Boyd dijo que sí, y que ambos le habían impresionado.
—No hay nada comparable en la pudibunda España, ni en la puritana Inglaterra de la reina Victoria, ni, por supuesto, en la catoliquísima Irlanda —sentenció el revolucionario. Luego, cambiando de tono, añadió—: Podremos volver a vernos dentro de algunos meses, en París o donde usted quiera. Me temo que no en España. Me ha caído muy bien usted y no olvido de quién es hijo.
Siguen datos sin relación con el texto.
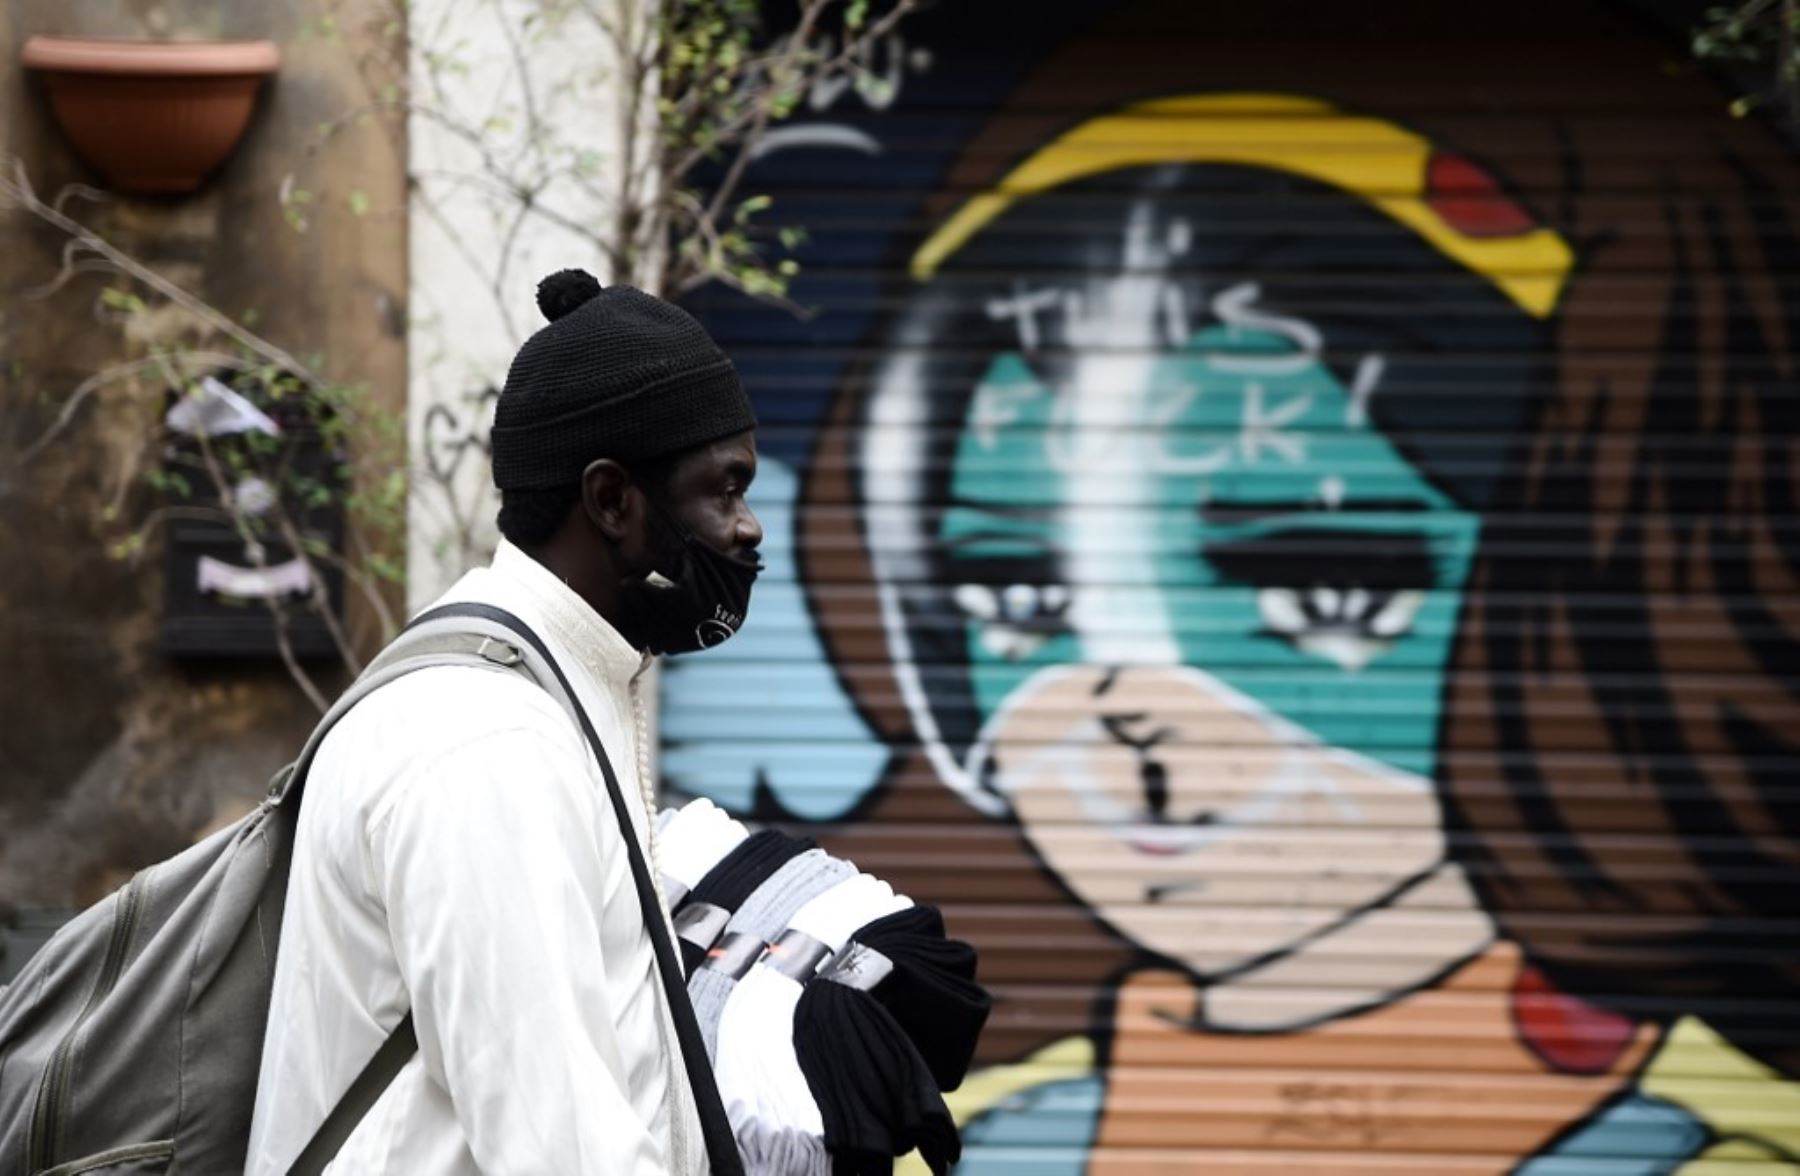 Un vendedor ambulante, con una mascarilla, camina frente a un mural en el centro de Roma. Foto: AFP

Aquí —le tendió a Boyd un sobre— le he apuntado las direcciones donde me podrá localizar o telegrafiar, y también, con una nota de presentación, la del funcionario de Justicia del que le he hablado y que le podrá informar acerca del sumario. Se llama Horacio Pérez y, como le dije, es de los nuestros. Me admira mucho. Le enviaré un telegrama para prevenirle. Por favor, guarde bien el sobre, no sea que caiga en manos de nuestros enemigos. Necesito, además, que me dé su palabra de no comprometer a Pérez en nada.
—Se la doy de todo corazón —contestó Boyd—. Trabajaré con el máximo sigilo.
—Se lo agradezco. Hay que ir con mucho cuidado para no implicar a los amigos. Y dele un buen abrazo de mi parte a Cala. Me gustaría volver a verle, para convencerle de que no estuve en la calle del Turco aquella noche.
Paul se levantó.
—Y dese prisa —añadió—. Estoy convencido de que a la República le queda poco tiempo. Dentro de unos meses, a no ser que Castelar sea capaz de imponerse, y lo dudo mucho, muchísimo, tendremos otra vez en Madrid a los Borbones, ya verá, y enterrarán para siempre el sumario. Quizás de usted dependa que el mundo sepa quiénes mataron a Prim y por qué.
Ya en la puerta, Paul Angulo estrechó con fuerza la mano que le tendió el irlandés. Luego, de un impulso, le abrazó.
—Yo no maté a Prim y Prats —remachó—. Confío en que muy pronto se convenza de ello. Y gracias por haber venido a verme. Bon voyage!
Otra vez en su habitación del Hôtel Voltaire, Boyd abrió el sobre y comprobó que contenía, efectivamente, las señas del funcionario de Justicia, que vivía en la calle del Ave María, en el barrio de Lavapiés, y la carta de presentación. Había valido la pena ir a Hendaya sólo para conseguirlas.
El tren no salía hasta las seis de la tarde. Tiempo de sobra para cumplir con las formalidades de la frontera y comer tranquilamente en algún acogedor mesón de Irún, que seguramente no faltaría.
Recogió sus cosas, pagó la cuenta y se fue andando hacia la aduana. Media hora después cruzaba a pie el famoso puente, altamente satisfecho del encuentro con Paul y con dos nombres que ya le sonaban en la cabeza con más insistencia que nunca: Felipe Solís Campuzano y José María Pastor.